Heretic – Dir: Scott Beck & Bryan Woods (13th Floor Film Review)
Heretic is a beautifully unsettling psychological horror film by Scott Beck and Bryan Woods, one that relies on flawless performances, excruciating pacing, and razor-sharp writing to create an atmosphere of dread that crawls beneath your skin and permeates relentlessly throughout the 111-minute runtime.
Starring: Hugh Grant, Sophie Thatcher, Chloe East, Topher Grace
What an unholy year we’ve had for deeply unsettling and exquisitely presented horror. We’ve had Nic Cage terrifying us in Longlegs, the outstanding unease and graphic horror of Smile 2, the exquisite ASMR body-horror nightmare of The Substance, and now, creeping in right at the end to charmingly tear apart your universal perceptions and beliefs, we have Heretic.

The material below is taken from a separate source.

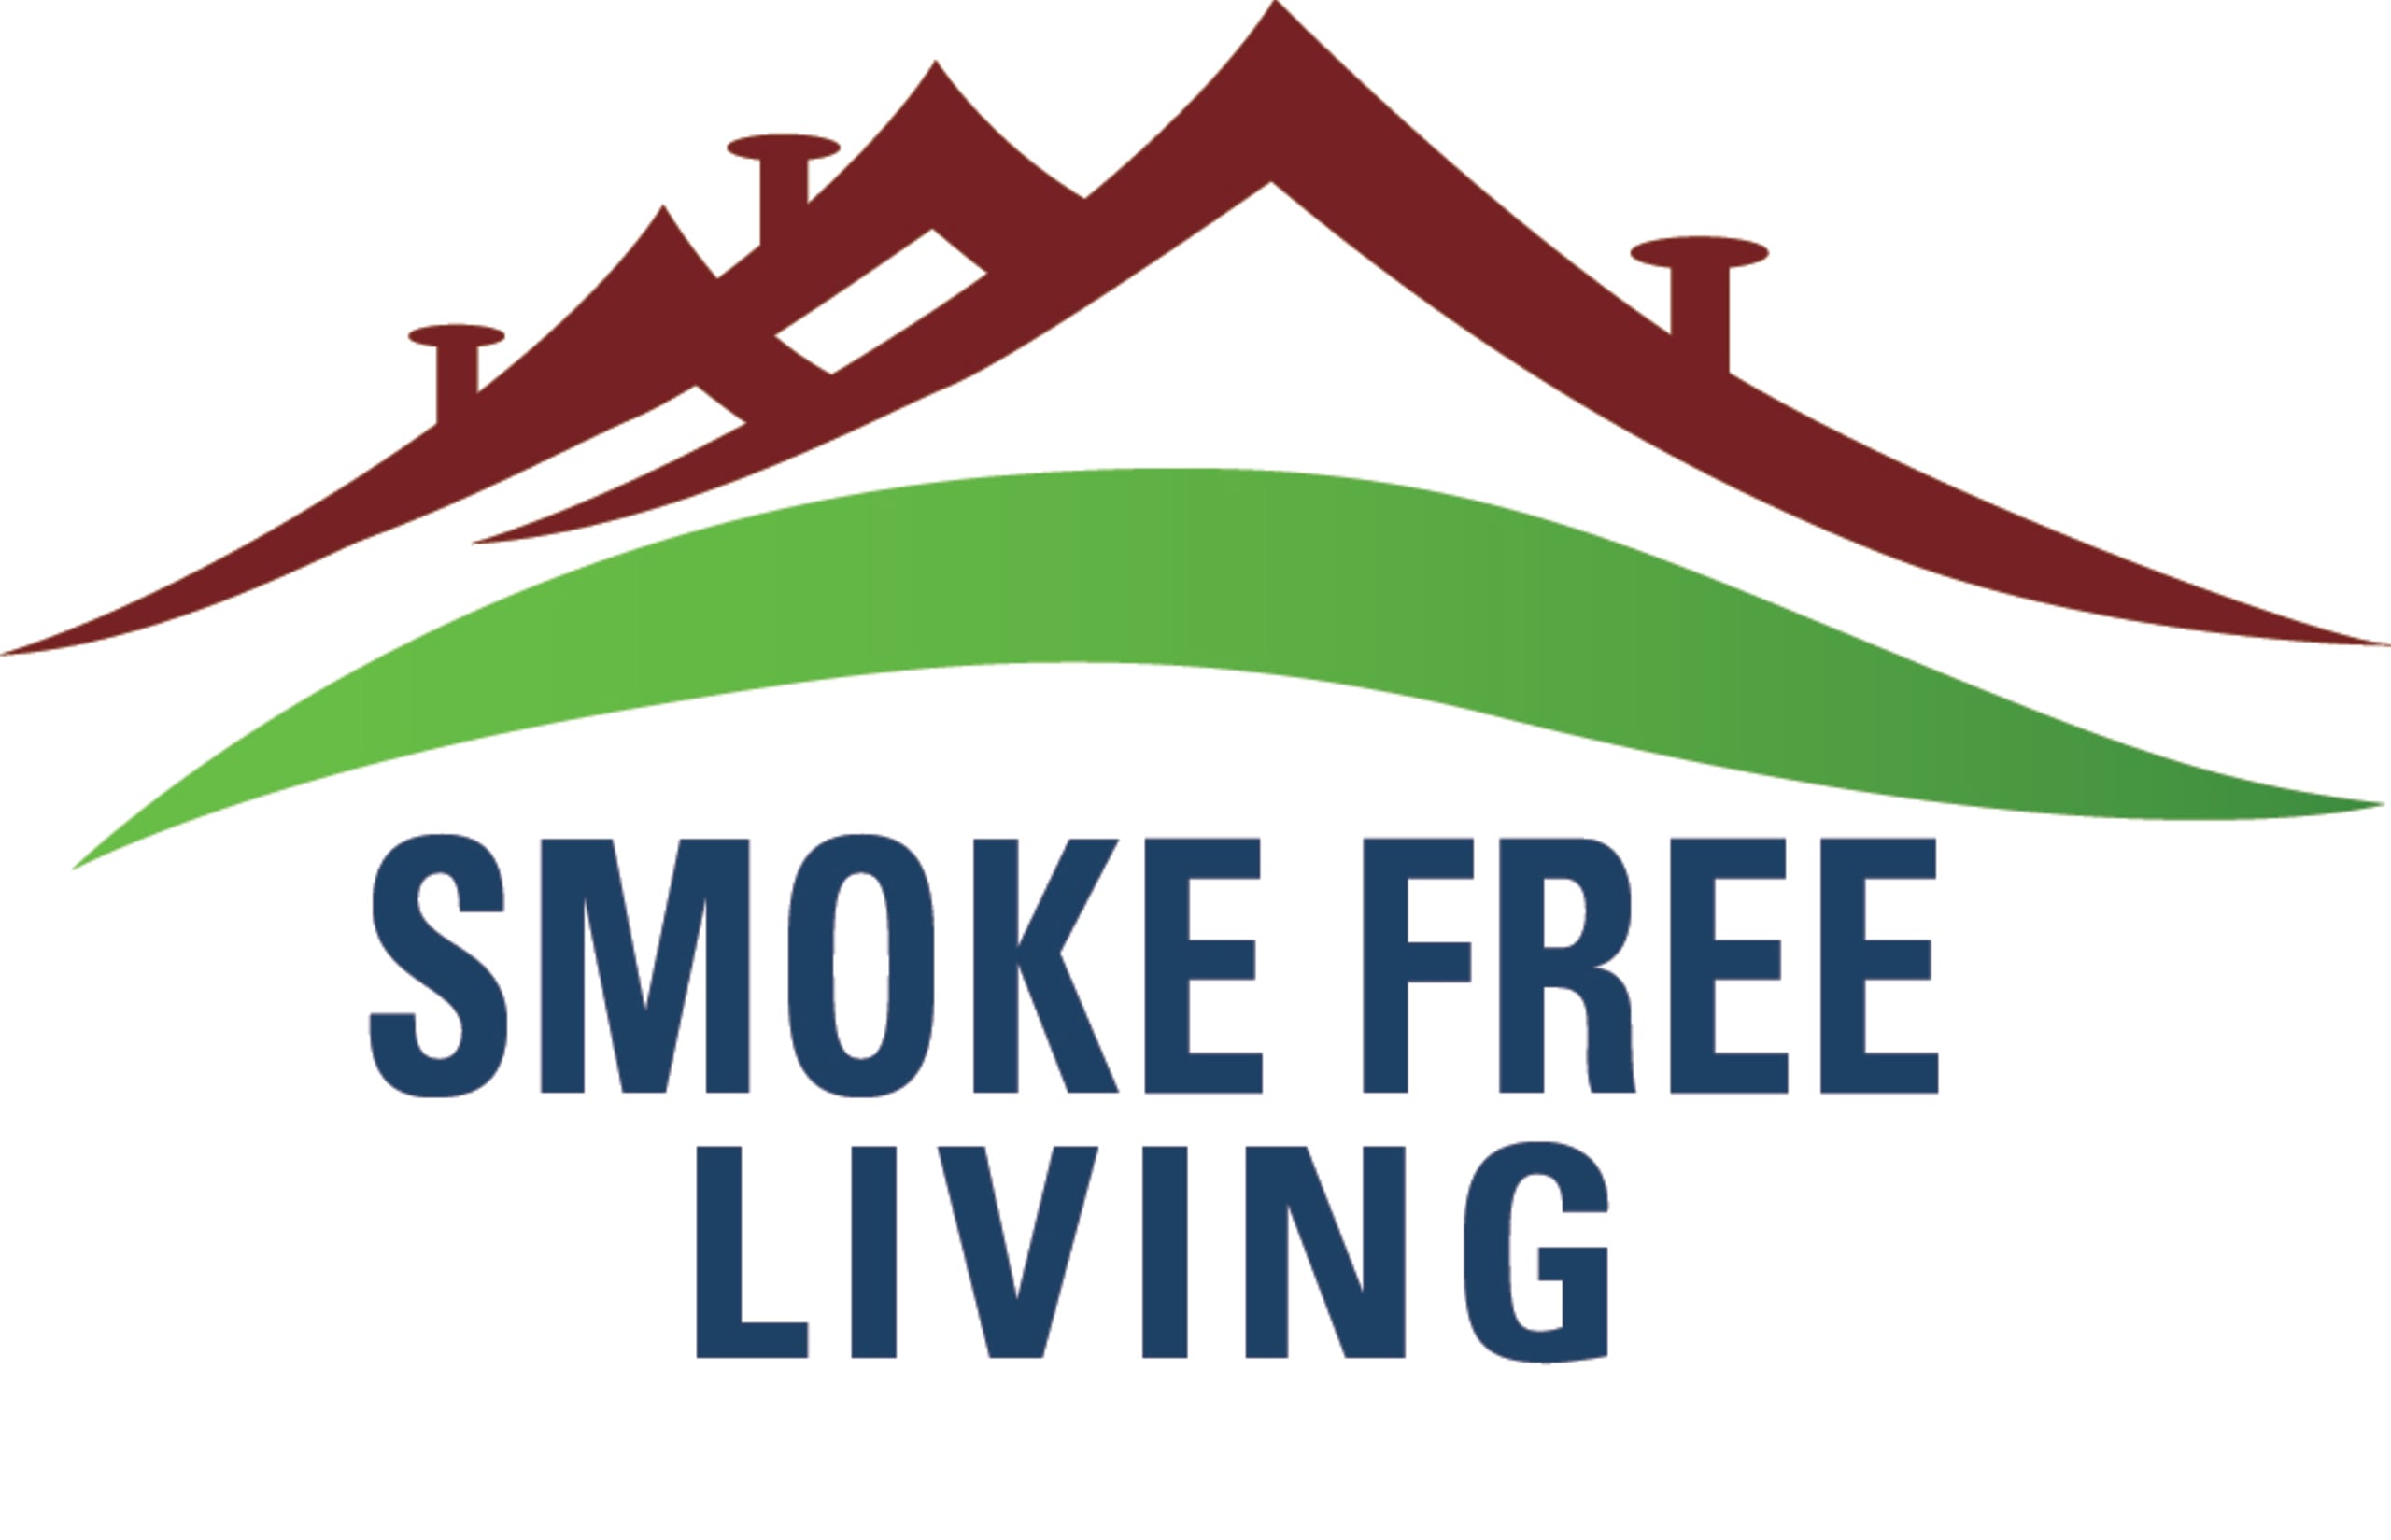 Smoke free living

The film focuses on Sister Barnes (Sophie Thatcher) and Sister Paxton (Chloe East), two Mormon missionaries who knock on the door of Mr. Reed (Hugh Grant), an initially bashful and charming gentleman who rapidly, and relentlessly, descends into extreme, unimaginable manipulation and psychological domination.

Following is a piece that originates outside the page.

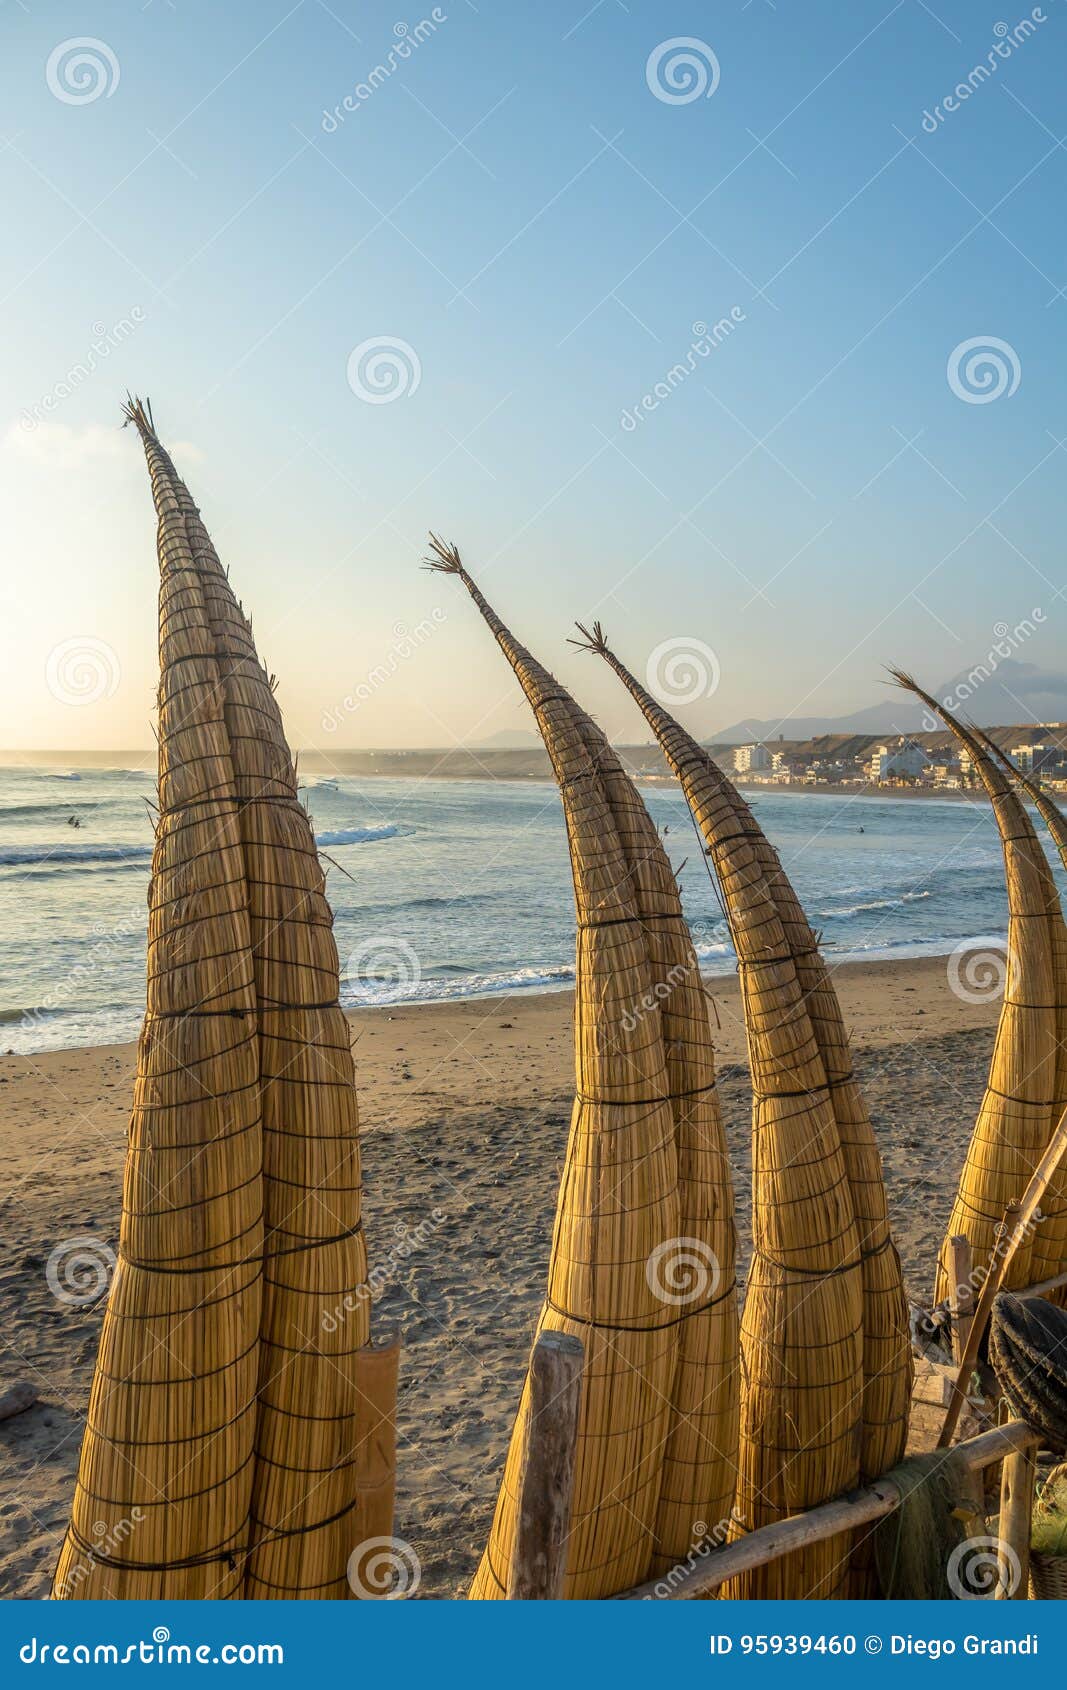 huanchaco beach and the traditional reed boats & x28;caballitos de totora& x29; - trujillo, peru

From its slow-burn opening to its brutal finale, Heretic grips you immediately with its claustrophobic tension, as the missionaries’ polite but increasingly uneasy interaction with Reed spirals into something far more insidious. Part of what makes Heretic so exceptional is the blending of its themes with the experience, with each reveal and subsequent layer of the film instilling every bit of fear and dread of the unknown in the audience as it does its characters.
Grant’s performance as Reed is incredible, perfectly leveraging his well-known near-caricature of himself as the charming, bumbling, apologetic gentleman. It’s a brilliant turn to watch Grant weaponise his charisma here, delivering a performance so nuanced and restrained that it lulls you into a false sense of safety even as his words slice and carve beneath your skin.

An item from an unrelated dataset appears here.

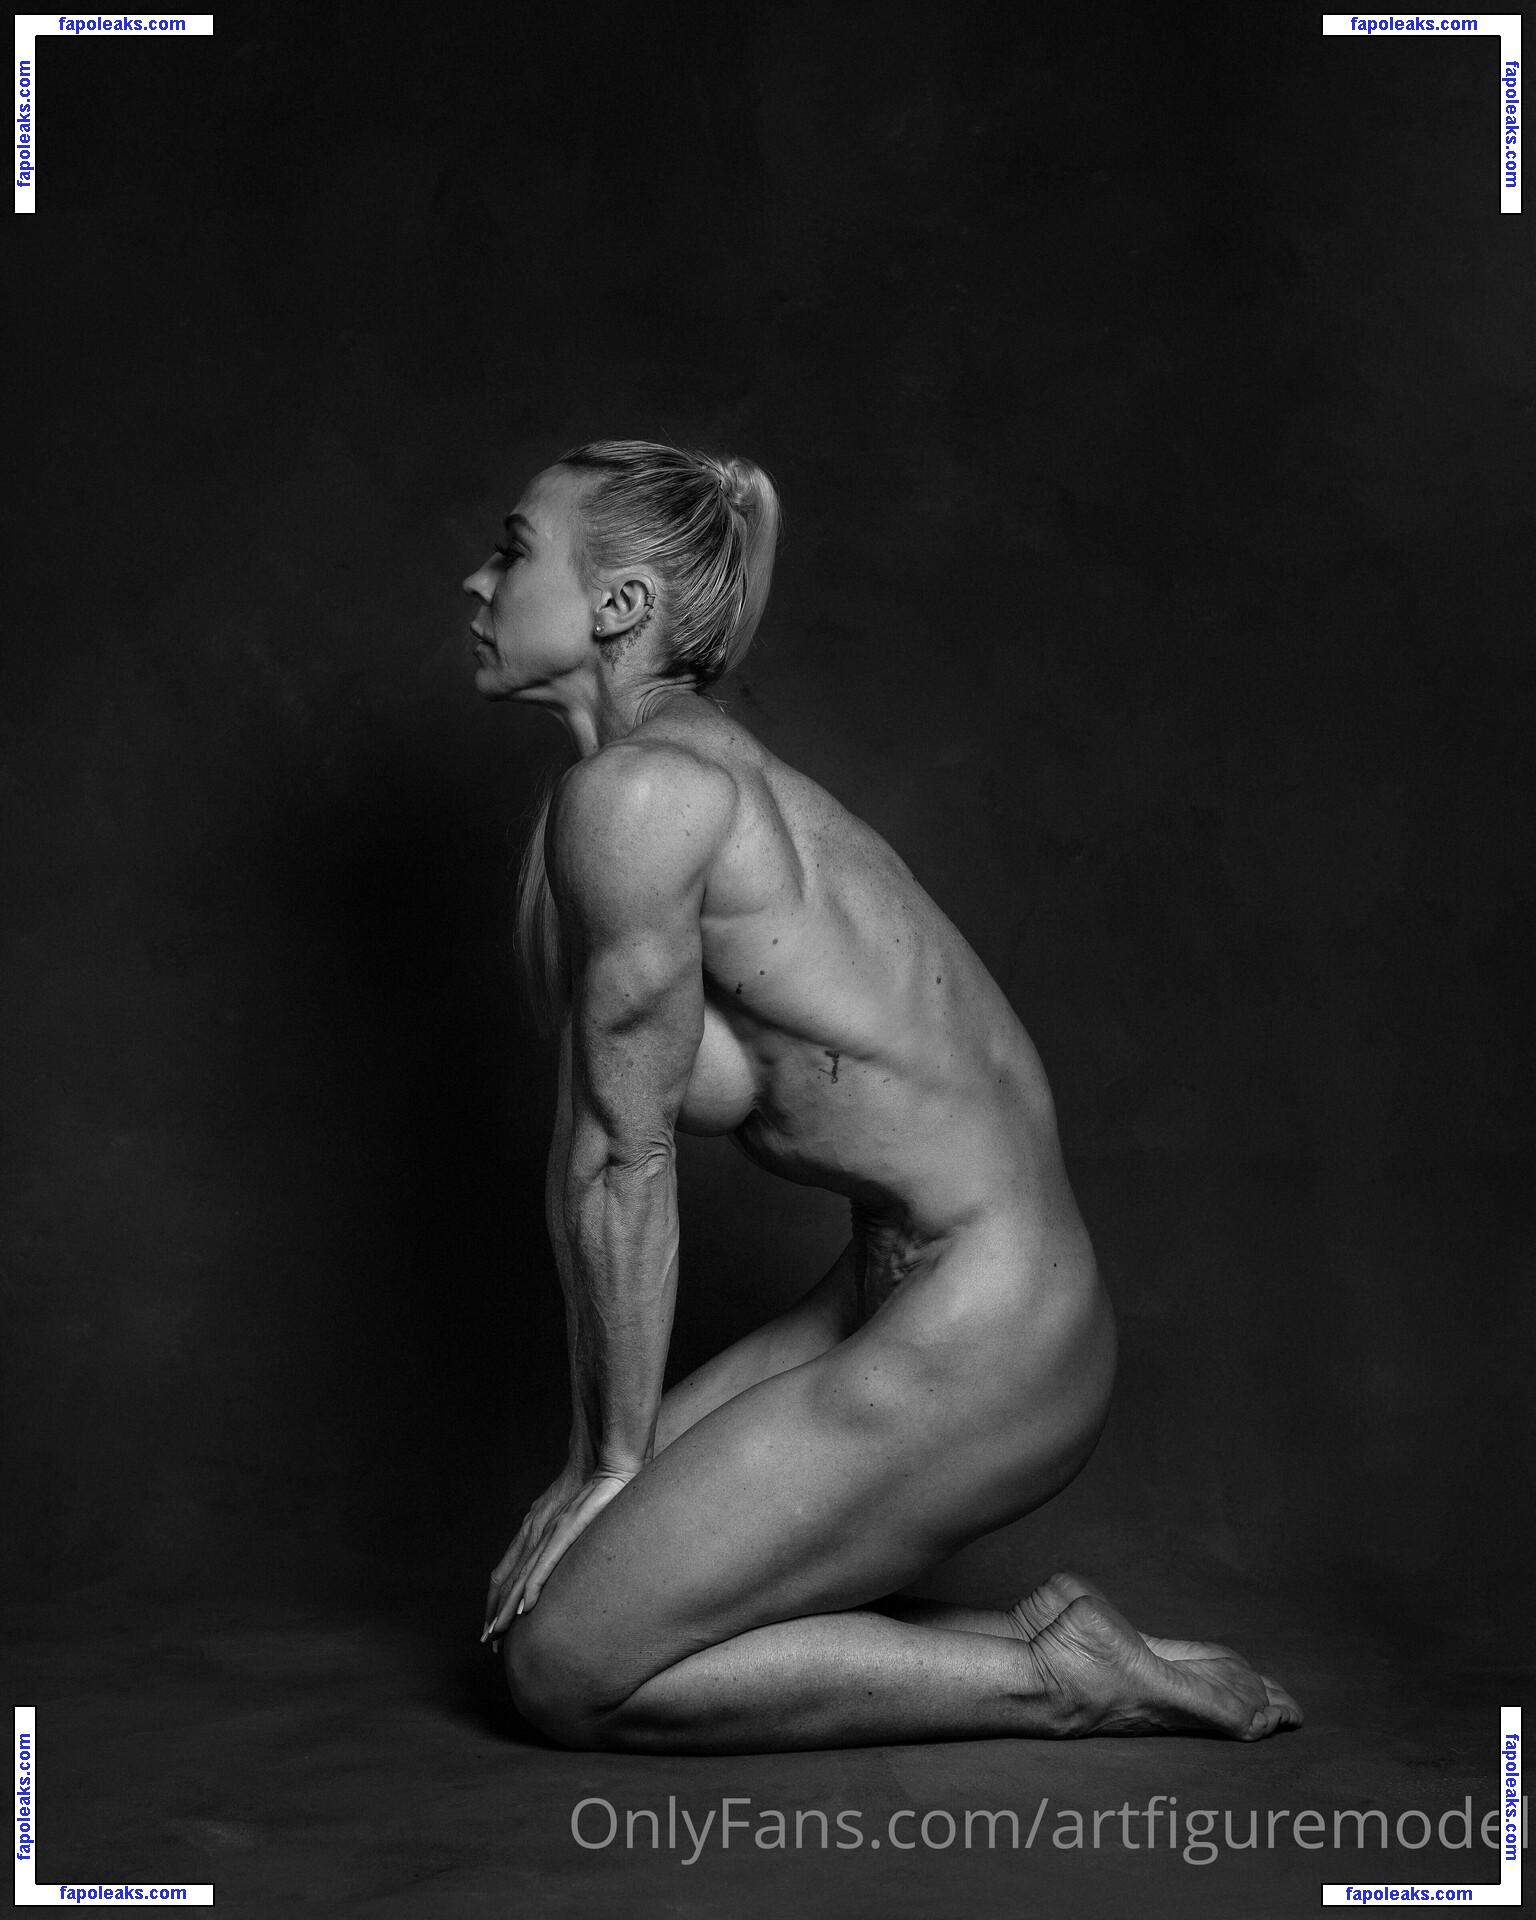 artfiguremodel / shodire nude photo #0011 from OnlyFans

Although it seems reductionary to draw on the most obvious allegories in this film – the set design is Hereditary on steroids – it is, without question, one of my favourite representations of ‘The Devil’ I have witnessed on screen in recent memory; soothing, inviting, controlling and absolutely terrifying.
Thatcher as the confident Sister Barnes and East as the timid Sister Paxton form the emotional heart of the story, and complement each other authentically and beautifully in their performances. Their chemistry immediately feels genuine, drawing the audience deeply into their plight through every agonising frame of the film. East’s portrayal of Paxton in particular, who begins meek and uncertain but grows into a figure of resilience and clarity while maintaining an unbreakable grace, is an absolute masterclass in character transformation.
All of this is accentuated by the incredible cinematography by Chung Chung-hoon, capturing the suffocating isolation of Reed’s home, shadowy hallways evoking the feeling of Dante’s Inferno and creating a soulless purgatory of Reed’s design. Each frame feels crafted with meticulous consideration, from the flickering candlelight to a close-up of a bead of sweat; every moment, every feeling, every breath is drawn and stretched to its absolute limit.
It also seemingly references two of my favourite horror films, No One Lives and The VVitch but, when examining a film that frames itself on the concept of ‘we see what we want to see’ it becomes frustratingly difficult to try and analyse – the kind of frustration that makes simply being taken along for the ride so much more enjoyable.
Heretic is a film that demands your attention and dares you to look deeper into the darkest, cruellest corners of human belief; beautifully acted, brilliantly paced, and has an outstanding, engaging narrative that grips you with a lingering sense of unease. It’s a film where I desperately want to say more, to deconstruct every masterful little moment of dialogue or visceral sound design, but as mentioned, there’s a magic in the mystery of experiencing this film through an untainted lens.
Heretic blurs the lines between faith and delusion, challenges the audience to question everything they’ve seen, and presents itself as both haunting in its ambiguity and cathartic in its message; hope is the burden of finding meaning in a meaningless world, and in a meaningless world, hope is all we have to keep us human.